Со времен Галилея ученые привыкли считать, что они являются объективными наблюдателями природного мира. Это сквозило во всем их поведении, даже научные статьи они начинали словами: «Было изучено...» Словно изучение проводил таинственный некто или никто. Триста лет наука отличалась полной безличностью. Наука – объективна, и наблюдатели никак не влияли на результаты того, что он или она описывали.
Эта отстраненность отмежевывала науку от человечества или от религии – областей, где точка зрения наблюдателя была неотделима от результатов исследования или наблюдения.
Но двадцатое столетие уничтожило эту границу. Объективизм науки канул в небытие, даже на самом базовом уровне. Физики знали, что невозможно даже измерить одну-единственную частицу, не повлияв на нее. Если вы касаетесь инструментом этой частицы, чтобы определить ее позицию, вы кардинально изменяете её скорость. При определении скорости вы изменяете ее положение. Этот факт стал принципом Хейзенберга: изучая, вы изменяете. В конце концов, установили, что наблюдатели воспринимали вселенную, которая не позволяла никому остаться простым наблюдателем.
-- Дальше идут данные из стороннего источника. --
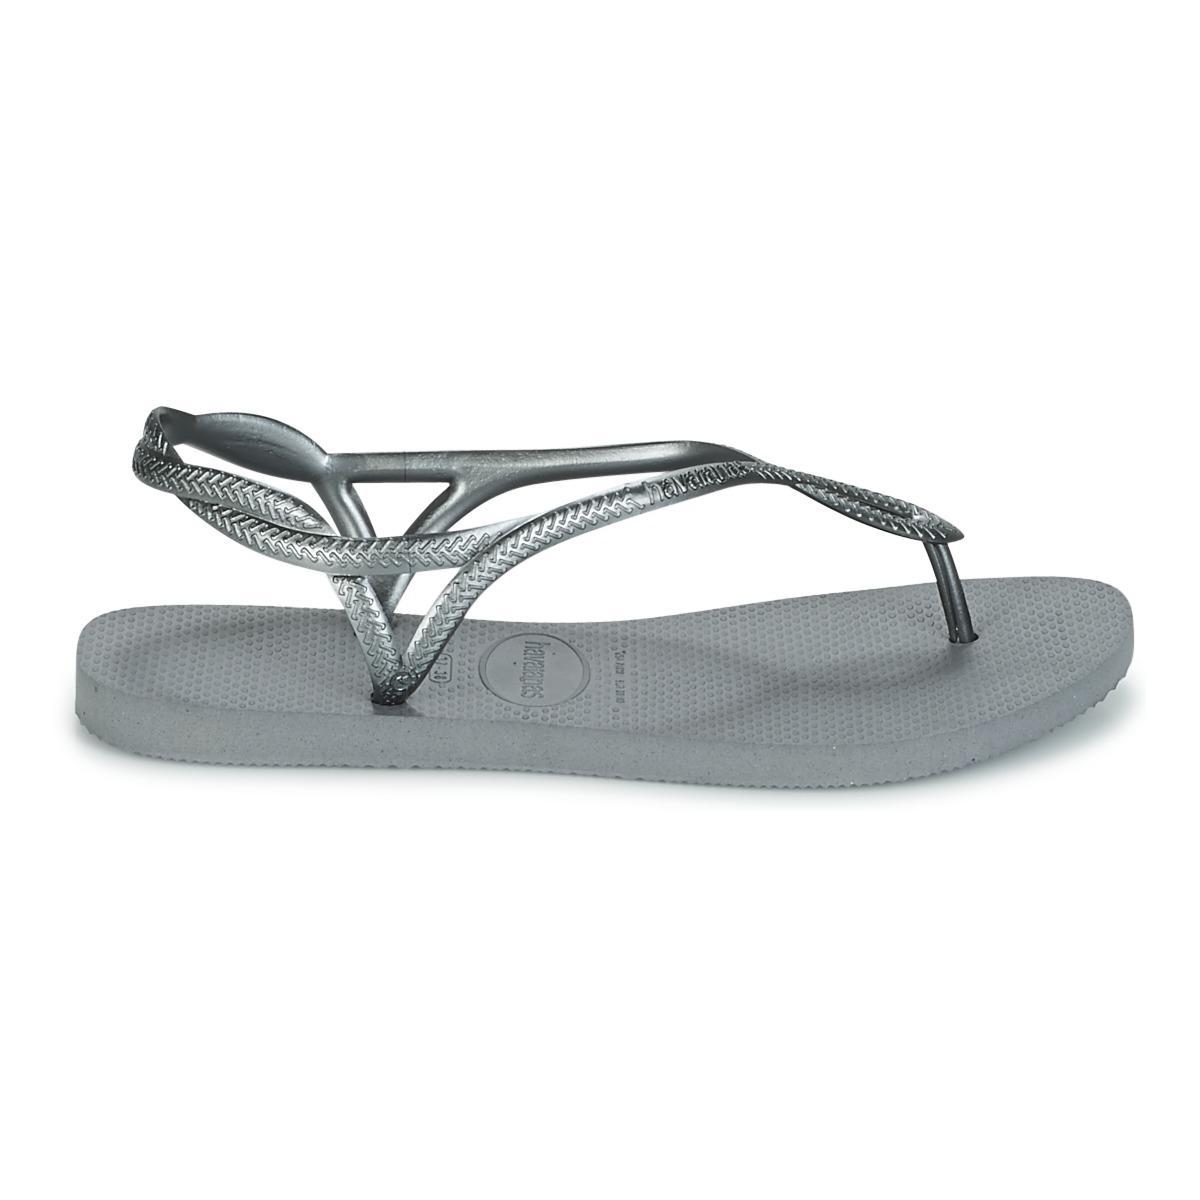 94efb7879e5cc1 Havaianas - Metallic Luna Women s Flip Flops   Sandals (shoes) In Silver -  Lyst. View fullscreen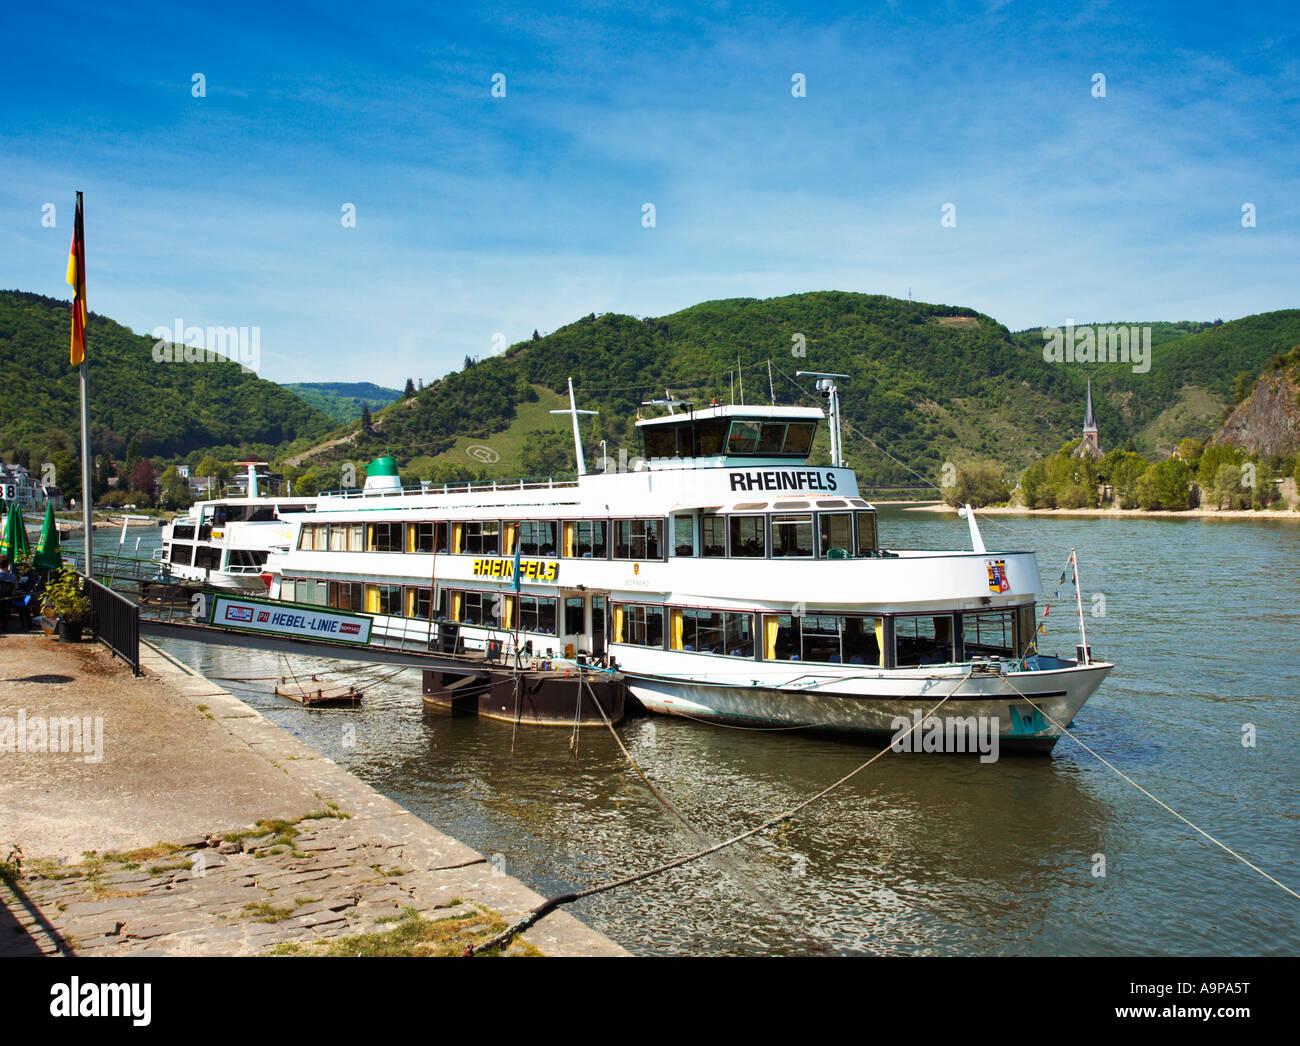 Germany - Rhine river cruise boat docked at the river front in Boppard on the River Rhine Germany Europe - Stock Image

– Я знаю, что невмешательство невозможно, – раздраженно отозвался Малкольм. – Но я имел в виду другое.
– Что именно?
– Конец игры, – ответил Малкольм, глядя на монитор. «Концом игры» называлась одна из самых спорных статистических концепций, касающаяся как эволюции, так и современной жизни.
– Представь себе, что ты азартный игрок, – сказал он. – И играешь в орлянку. Если монета падает орлом, ты получаешь доллар. Если решкой – теряешь.
– Ну?
– Что происходит потом? Хардинг пожала плечами:
– Ну, шансы на выигрыш и проигрыш равны. Можно выиграть, можно проиграть. Но в конце концов выпадет зеро.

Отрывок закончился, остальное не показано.